SOURCE DATA:
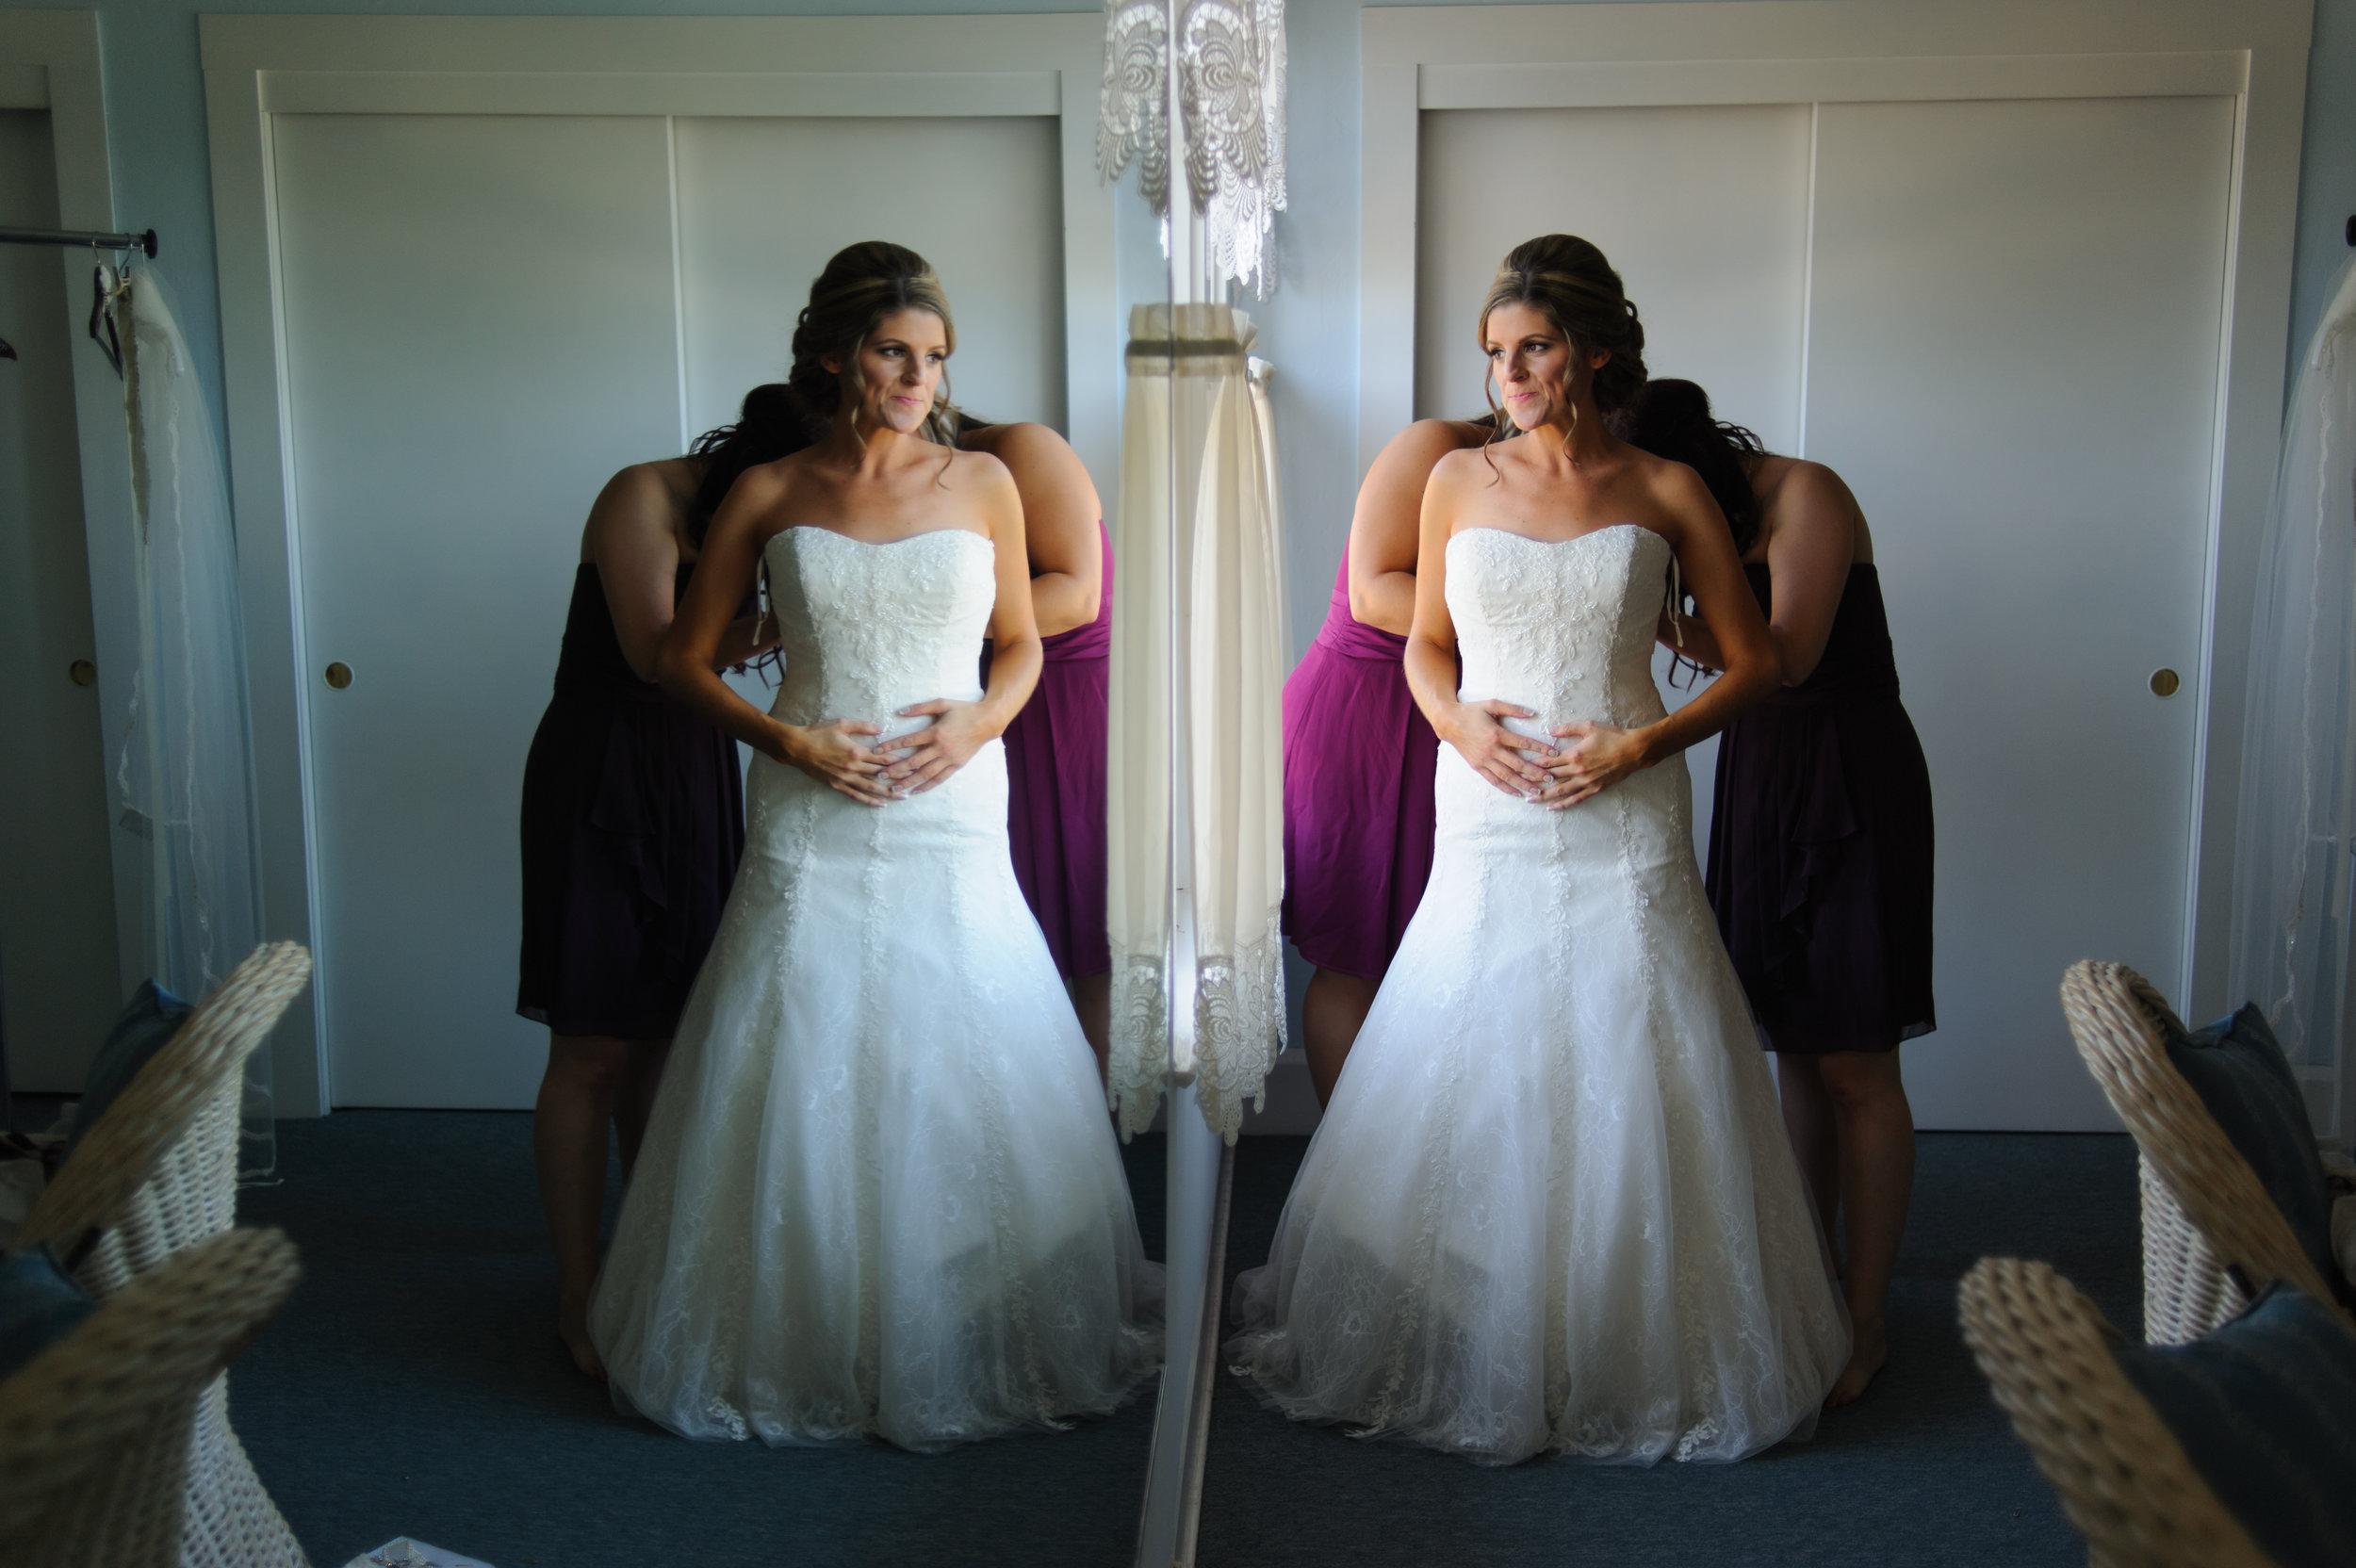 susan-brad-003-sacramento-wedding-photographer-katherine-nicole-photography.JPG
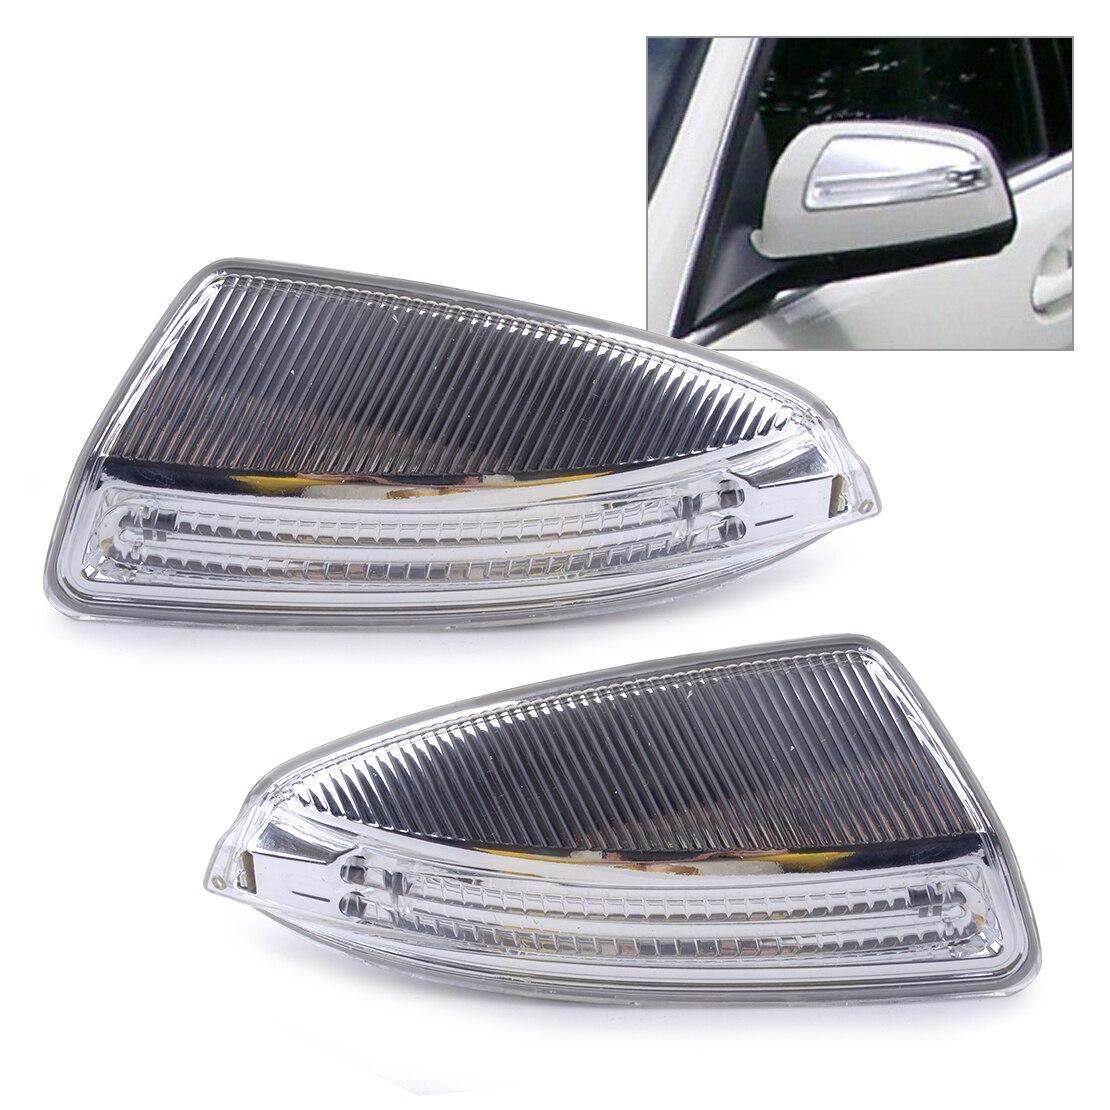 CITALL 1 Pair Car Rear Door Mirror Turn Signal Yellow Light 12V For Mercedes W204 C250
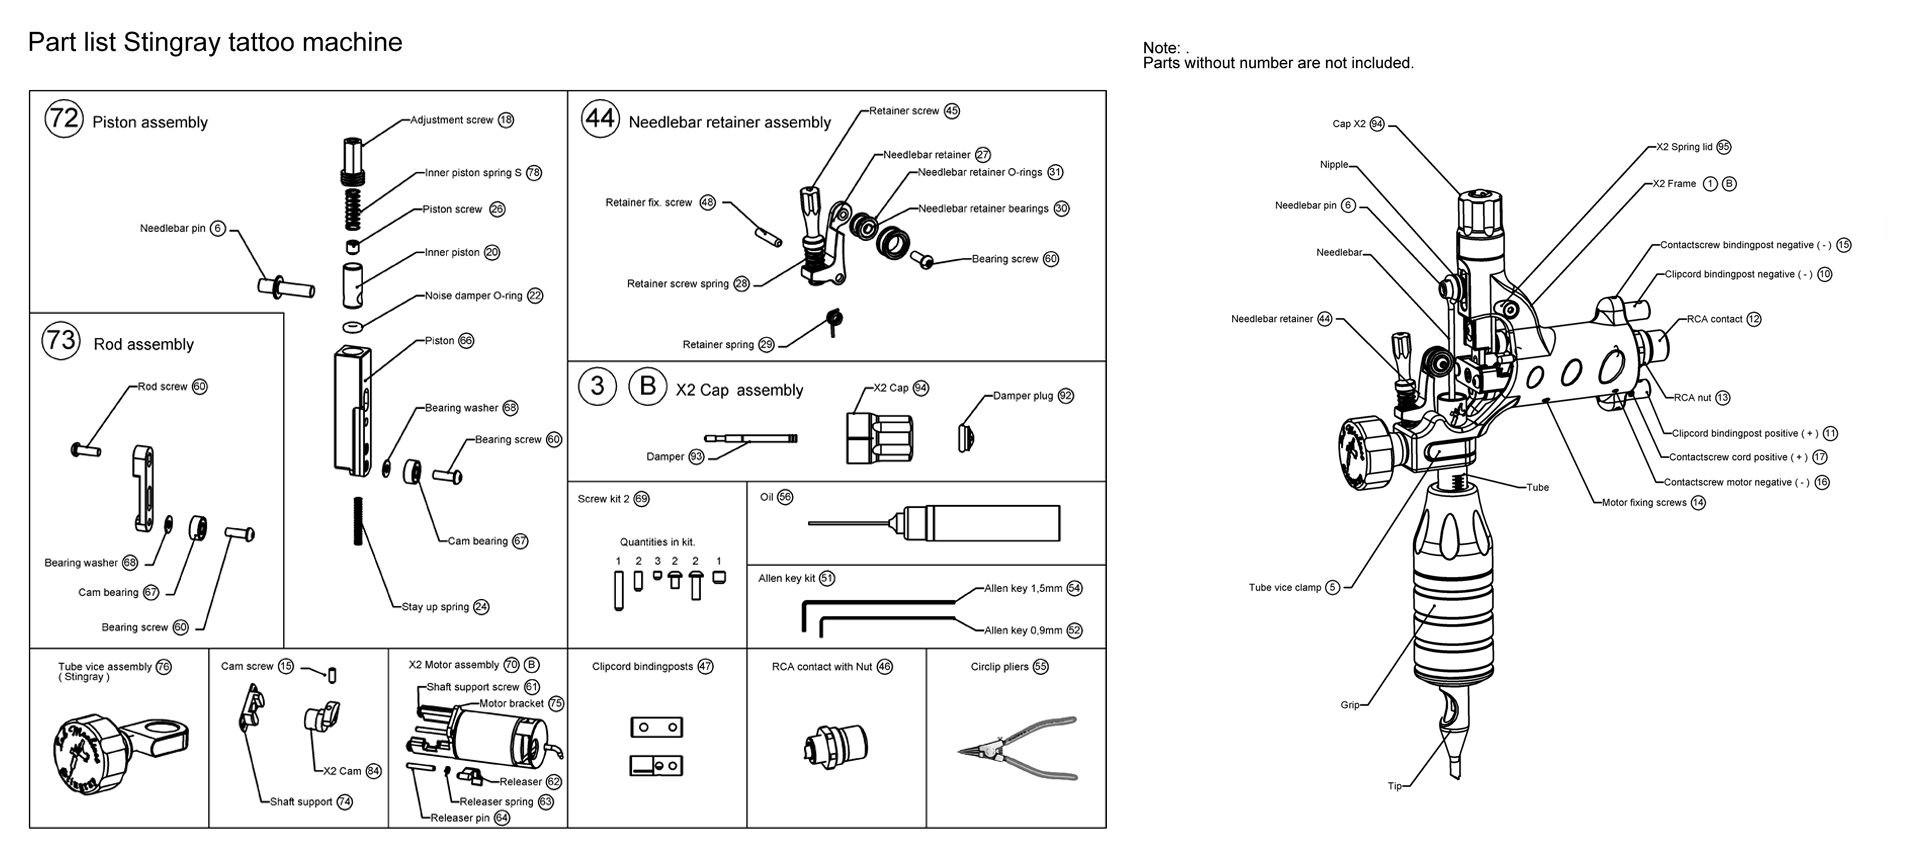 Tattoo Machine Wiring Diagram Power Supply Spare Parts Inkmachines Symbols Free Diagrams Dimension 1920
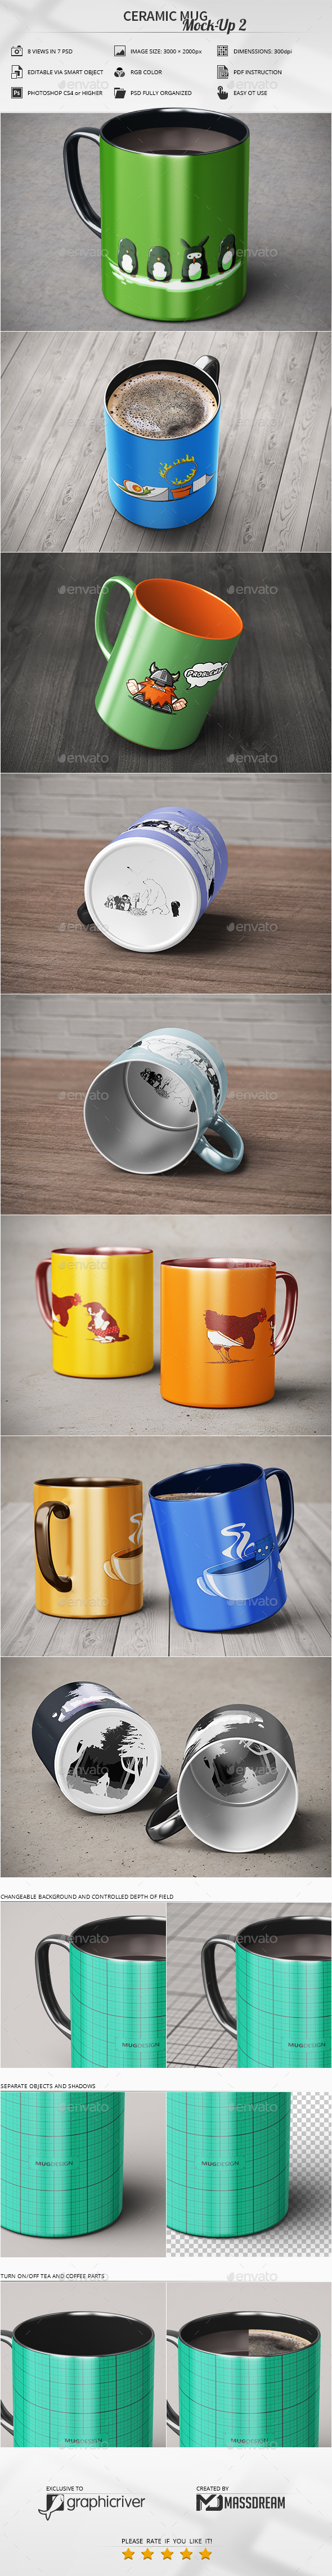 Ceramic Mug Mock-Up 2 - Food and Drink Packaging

YOUR TASK:
The answer must be the exact lines from the line with "Tattoo Machine Wiring" to the final line of the data, both ends included, with no pictures.

RESPONSE TO THIS EXERCISE:
 Tattoo Machine Wiring Diagram Power Supply Spare Parts Inkmachines Symbols Free Diagrams Dimension 1920
 Ceramic Mug Mock-Up 2 - Food and Drink Packaging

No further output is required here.